Additionally, many organizations now deploy “ICS-aware” asset management platforms, which sit out-of-band and correlate both live network data and periodic operator input. These tools must be validated on live systems prior to full production rollout.

Pitfalls and Lessons Learned

• Over-reliance on Automation: Automated tools miss devices with no network traffic. Manual validation—however inconvenient—remains essential.

• Underestimating Change Management: Asset inventories quickly rot if not strictly coupled to configuration change control. Ensure organizational discipline.

• Neglecting Physical Security: Rogue assets can be physically installed without IT/OT’s knowledge. Regular physical inspection is the only defense.

• Failure to Communicate: Centralized asset inventories only work if regularly communicated to both local engineering and enterprise teams. Implement regular review cycles and feedback.
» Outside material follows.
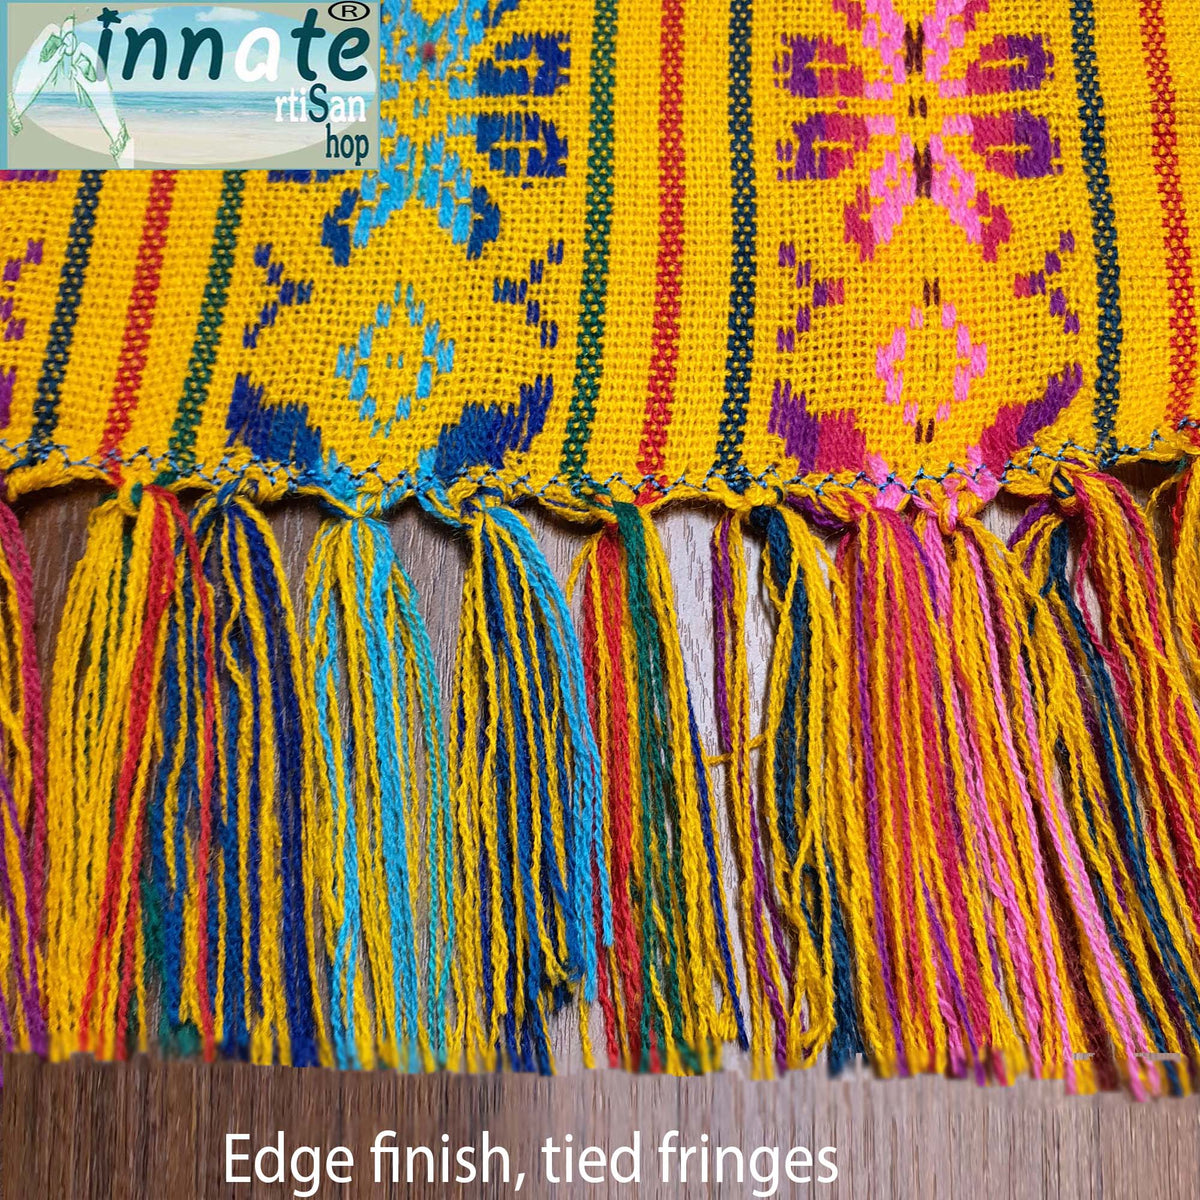 fringed table runner, Mexican table runner, marigold, tassels, custom made, loom, artisan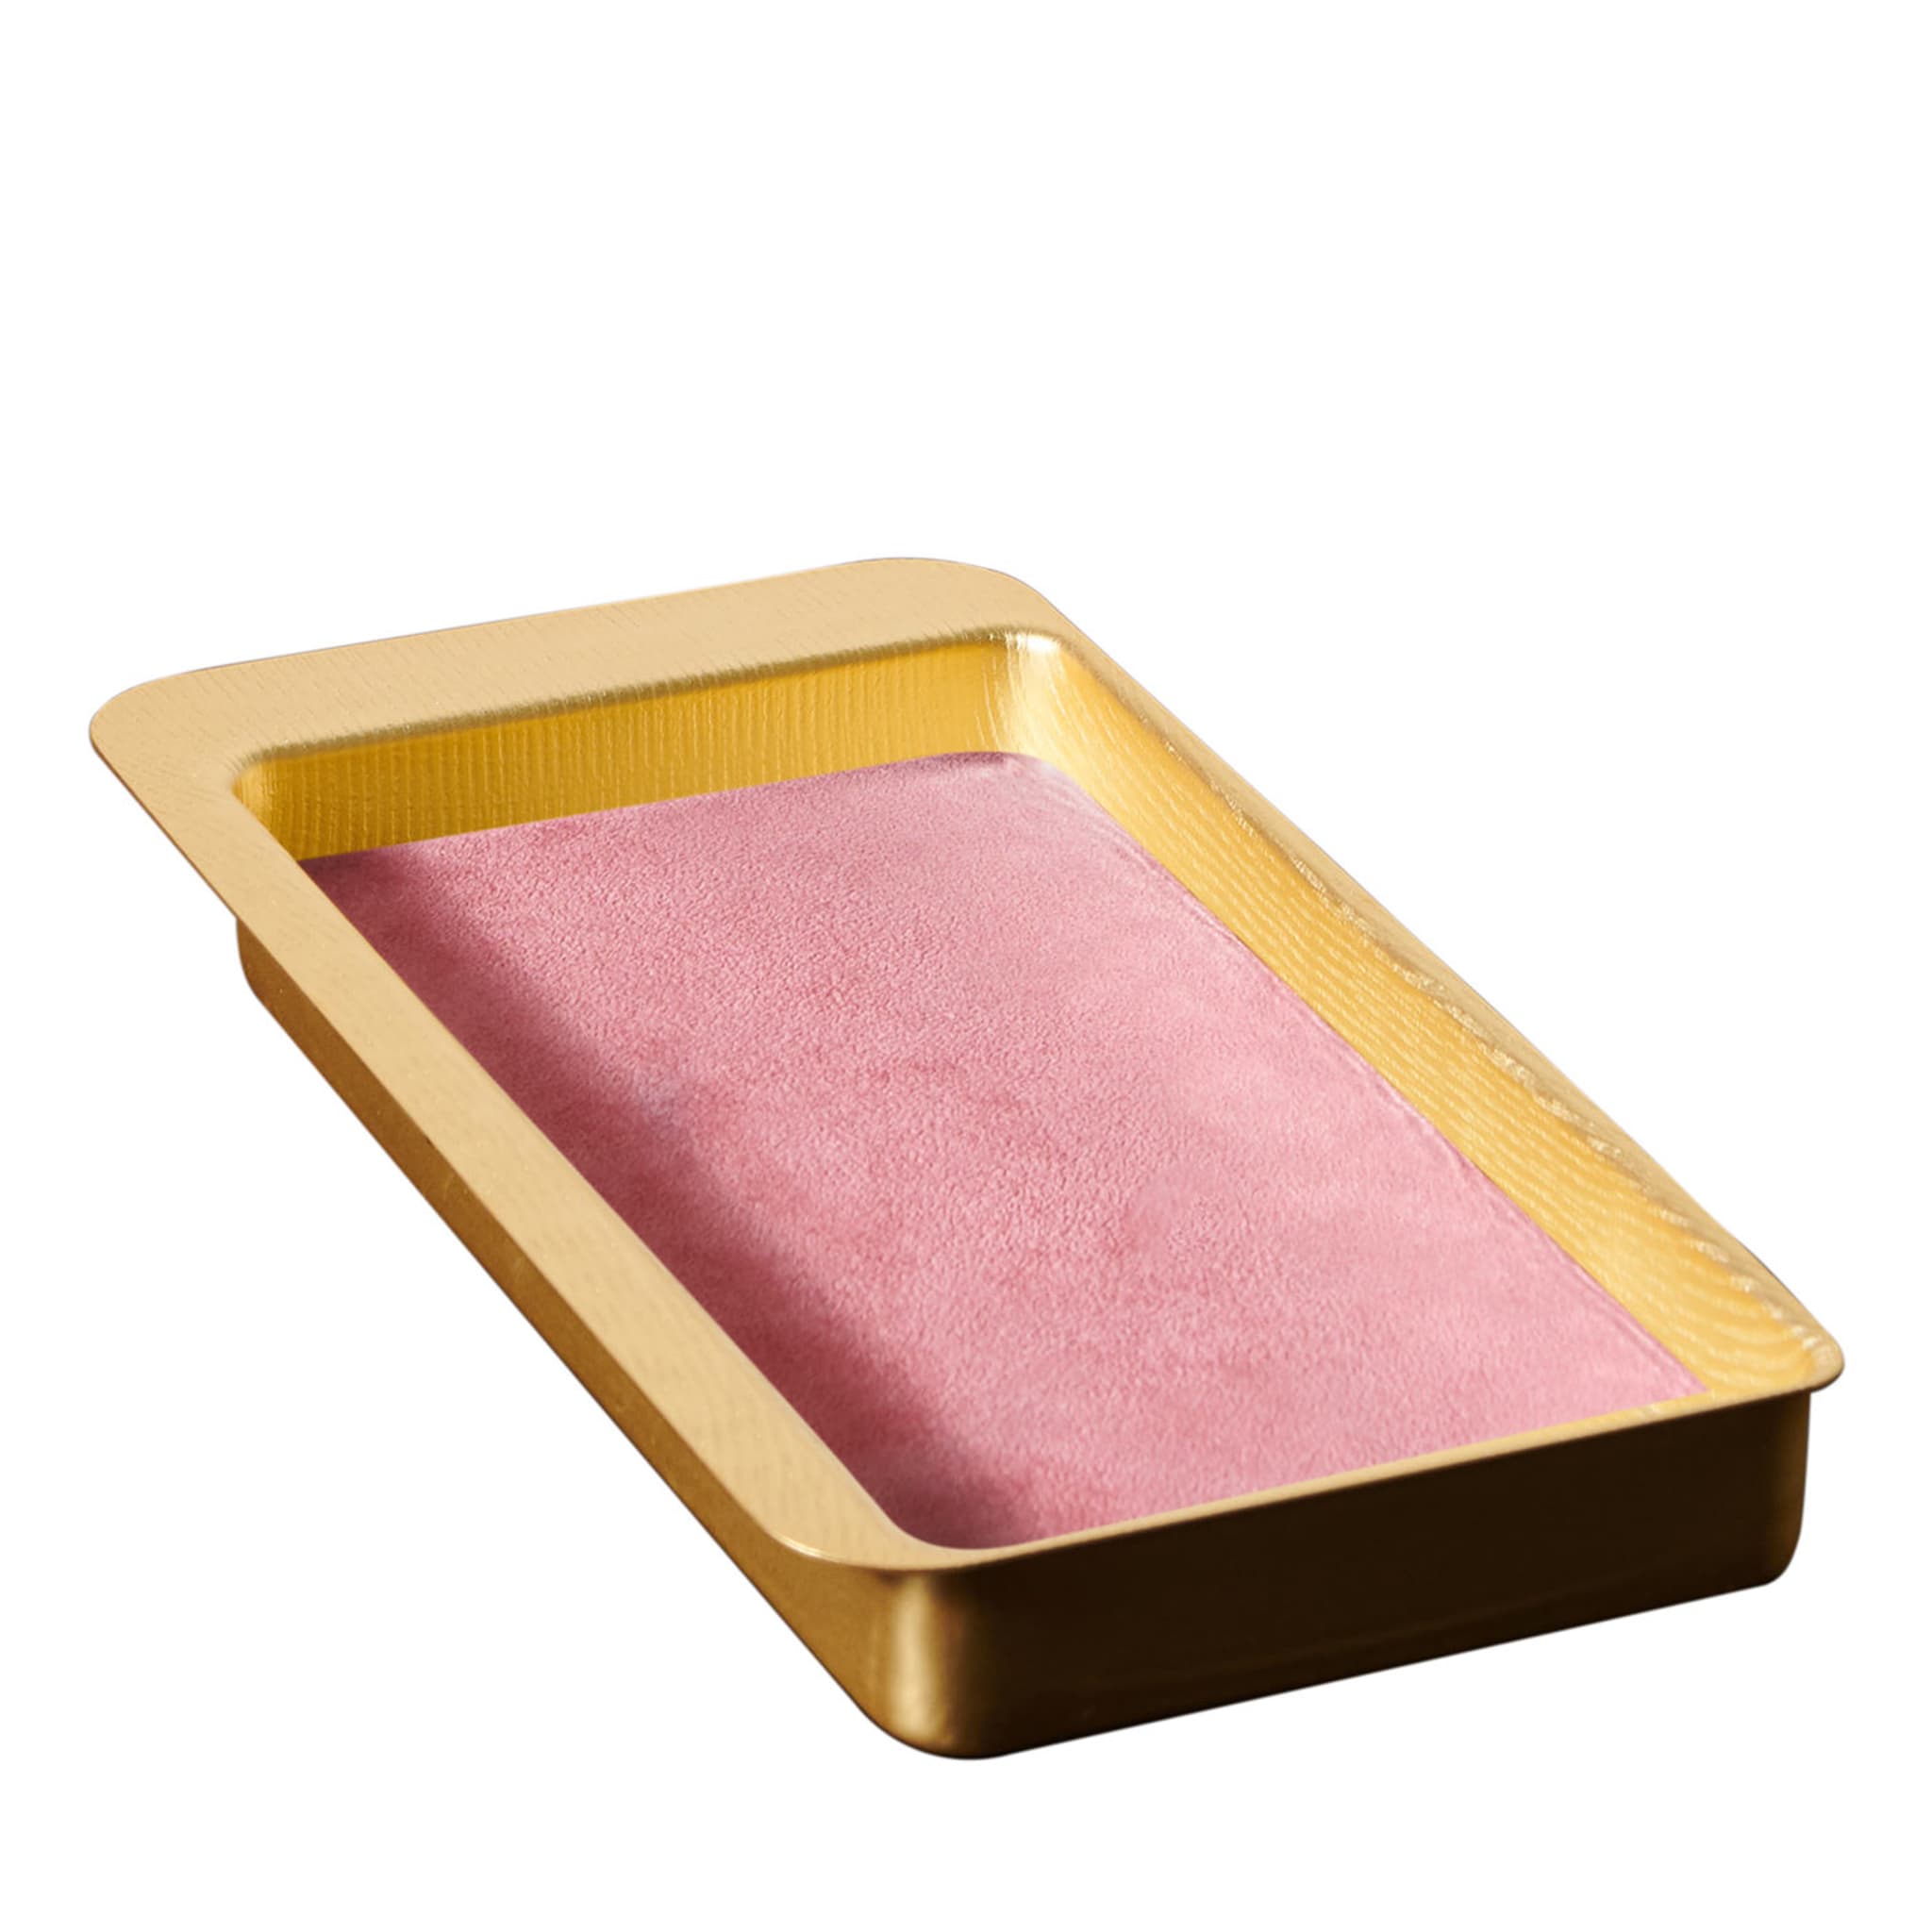 Firenze Bandeja rectangular de bolsillo vacía dorada y rosa - Vista principal

Conclusion: Honest Advice for Getting It Right

True inventory and asset management in ICS environments is an iterative, collaborative, and often messy process—it’s far closer to good ops than it is to checkbox compliance. Focus on normalizing and correlating data across protocols, zones, and human boundaries. Never trust single-source asset data. Layer passive and (carefully!) active discovery with regular operator input. Above all, make the inventory matter: if it’s only produced for auditors, it will quickly become an irrelevance. If it’s used by engineers, incident responders, and process owners, it will stay current and valuable.

Key Takeaway: Embrace both tech and human procedure. In ICS, you’ll need both to build and keep the living asset inventory that modern industrial risk management—whether for reliability or security—absolutely requires.